OpenTelemetry defines an Event as a LogRecord with a non-empty EventName. Custom Events are a core signal in the New Relic platform. However, despite using the same name, OpenTelemetry Events and New Relic Custom Events are not identical concepts:

OpenTelemetry EventNames do not share the same format or semantics as Custom Event types. OpenTelemetry Event names are fully qualified with a namespace and follow lower snake case, e.g. com.acme.my_event. Custom Event types are pascal case, e.g. MyEvent.
OpenTelemetry Events can be thought of as an enhanced structured log. Like structured logs, their data is encoded in key-value pairs rather than free form text. In addition, the EventName acts as an unambiguous signal of the class / type of event which occurred. Custom Events are treated as an entirely new event type, accessible via NRQL with SELECT * FROM MyEvent.

Because of these differences, OpenTelemetry Events are ingested as New Relic Logs since most of the time, OpenTelemetry Events are closer in similarity to New Relic Logs than New Relic Custom Events.
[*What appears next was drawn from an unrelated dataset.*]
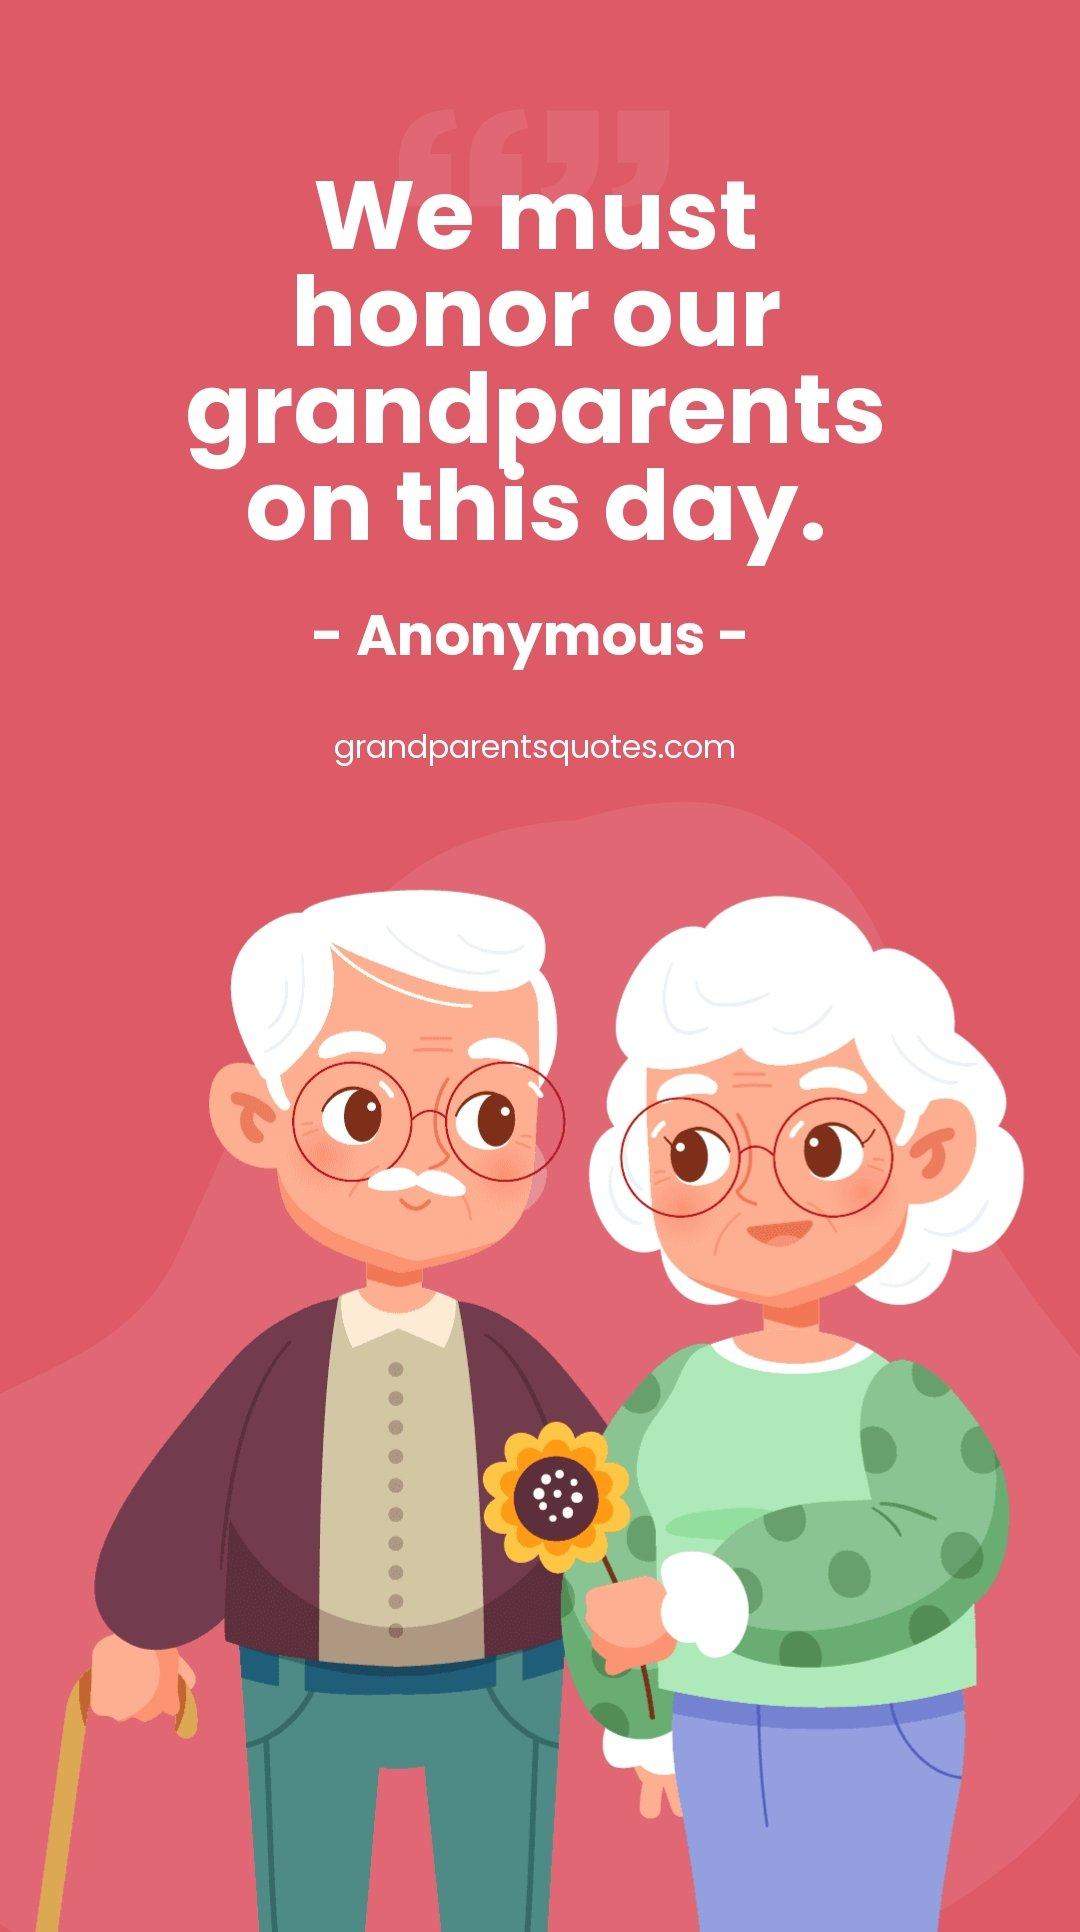 Grandparents Day Quote Whatsapp Post Template.jpe

However, you can explicitly signal that an OpenTelemetry LogRecord should be ingested as a Custom Event by adding an entry to LogRecord.attributes following the form: newrelic.event.type=<EventType>.

For example, a LogRecord with attribute newrelic.event.type=MyEvent will be ingested as a Custom Event with type=MyEvent, and accessible via NRQL with: SELECT * FROM MyEvent.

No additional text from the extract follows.